INFORMATION PROVIDED |
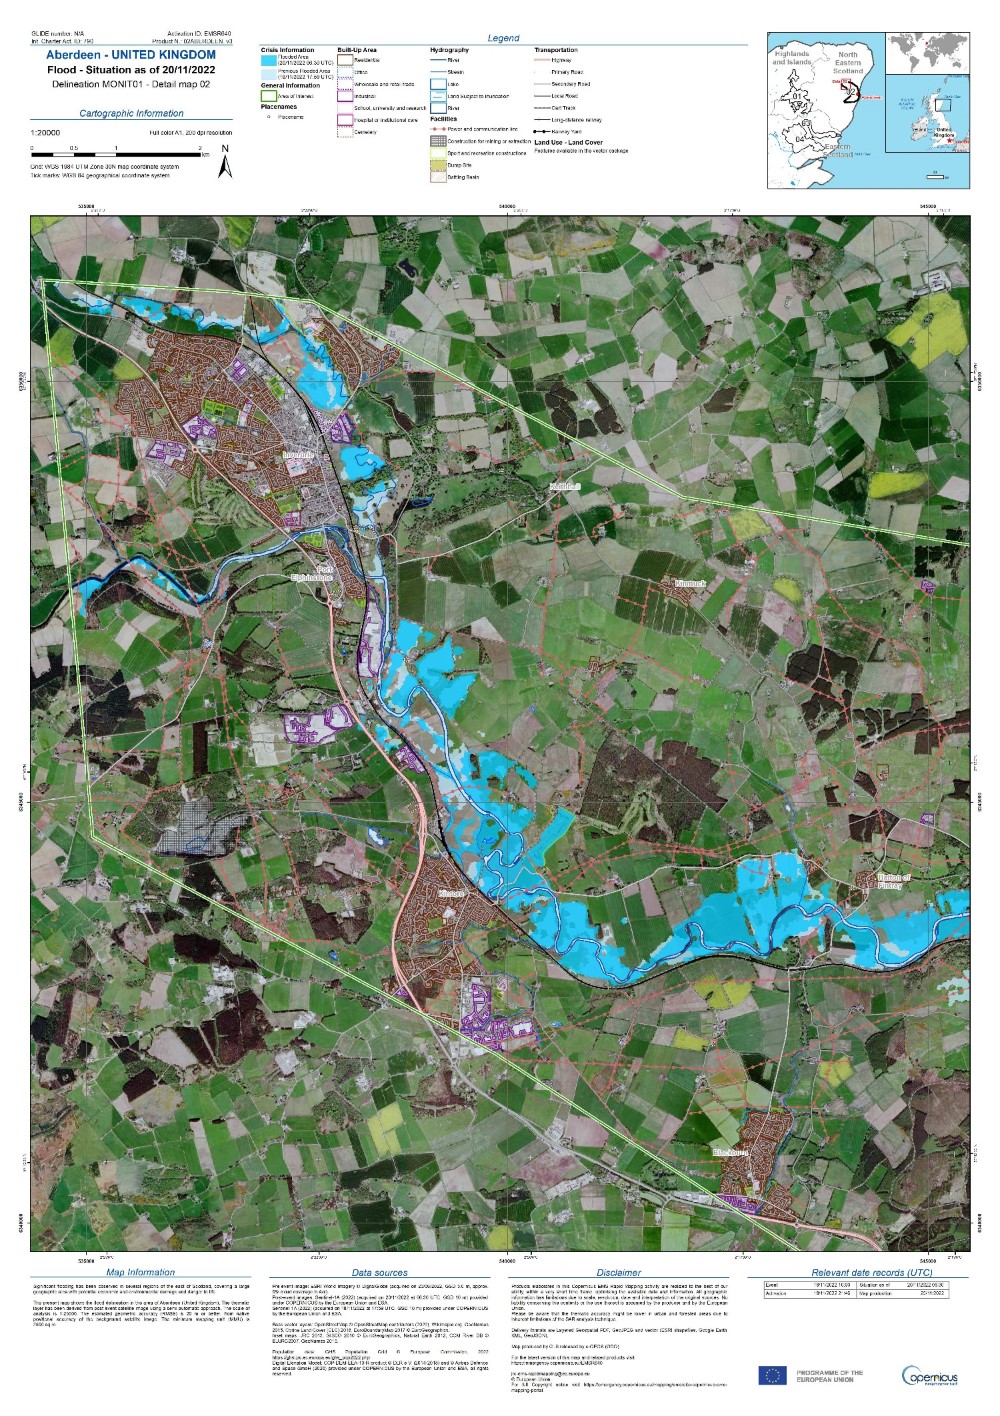 7.	Copernicus EMS image showing flooding along the River Don, Aberdeenshire, Scotland, United Kingdom in November 2022
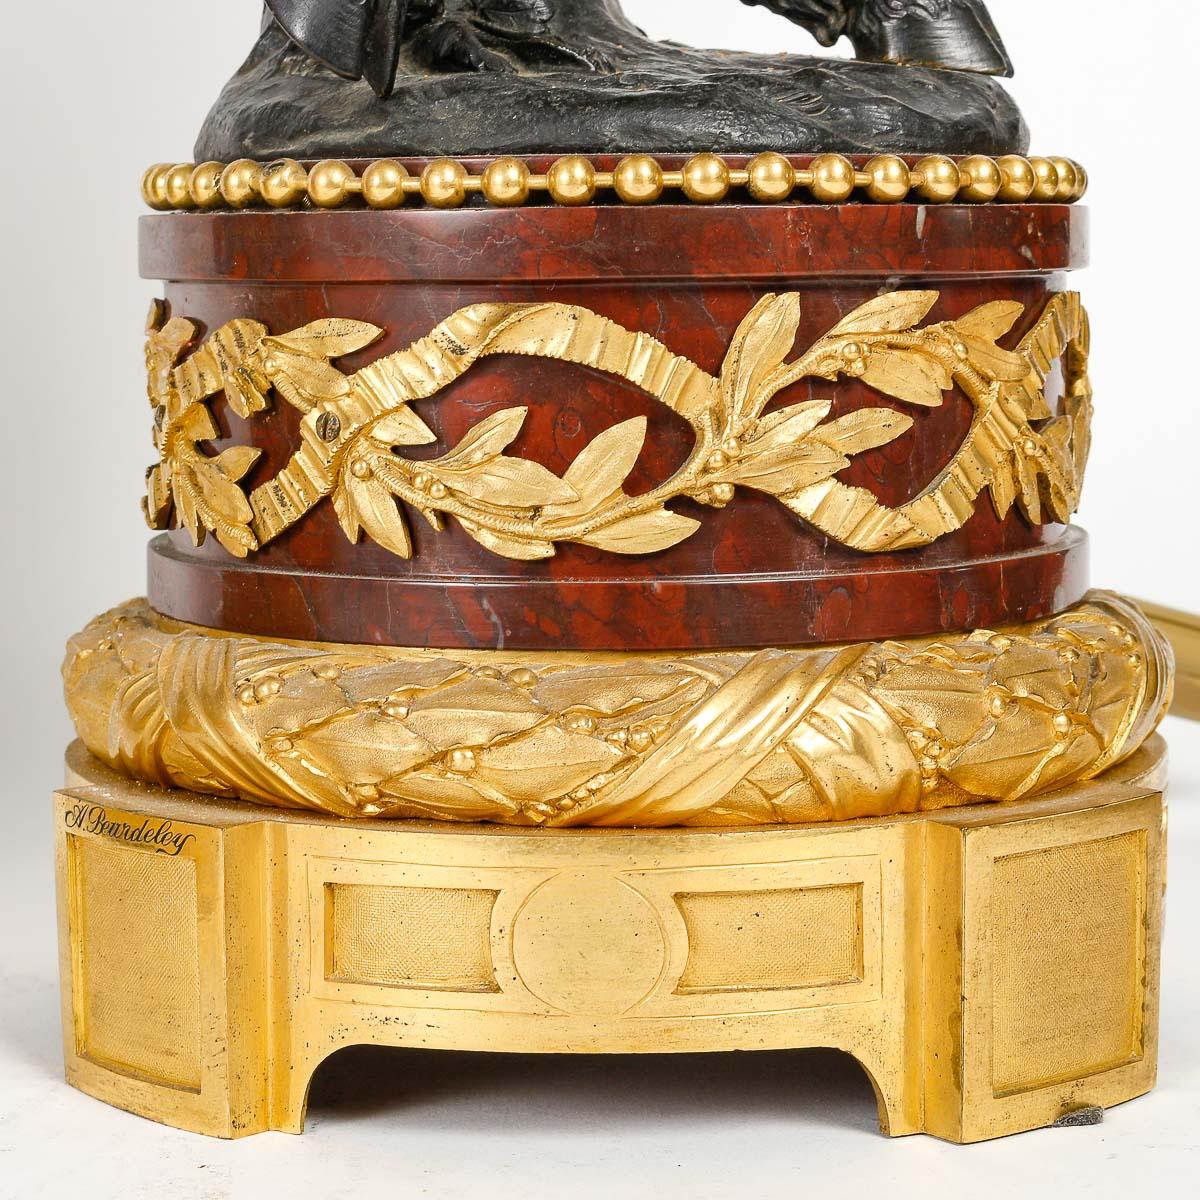 Napoleon III Pair of Amours Candelabra, Grande décoration, Gilt bronze, Antique bronze.
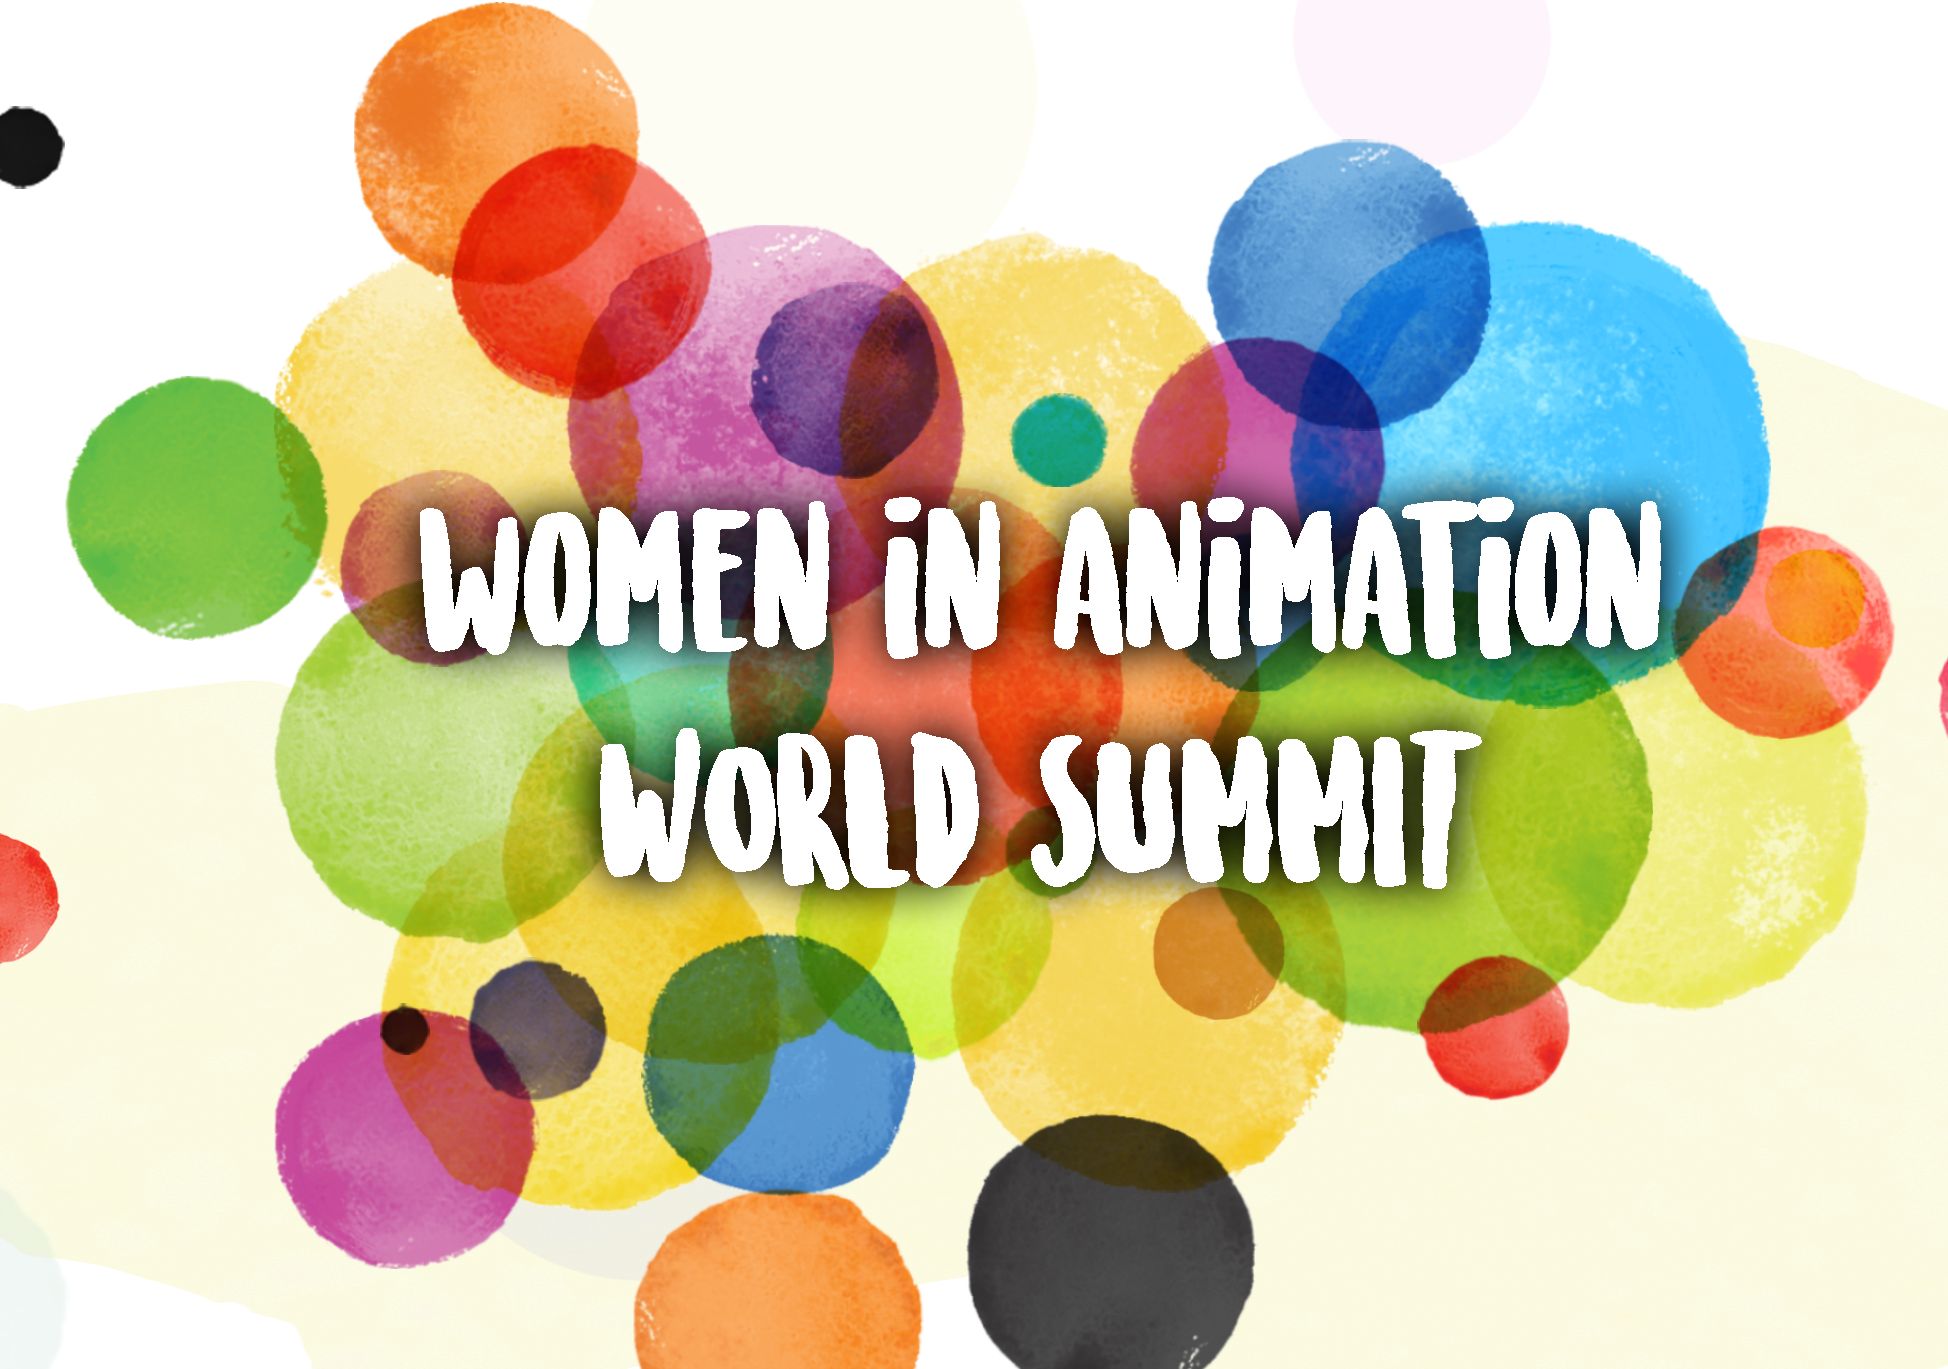 Women in Animation World Summit logo

ACTIVITY | From the line containing "Napoleon III Pair" through the last line of the listing, inclusive, transcribe every line exactly and nothing else; the pictures stay out.

TASK SOLUTION |
 Napoleon III Pair of Amours Candelabra, Grande décoration, Gilt bronze, Antique bronze.
 Women in Animation World Summit logo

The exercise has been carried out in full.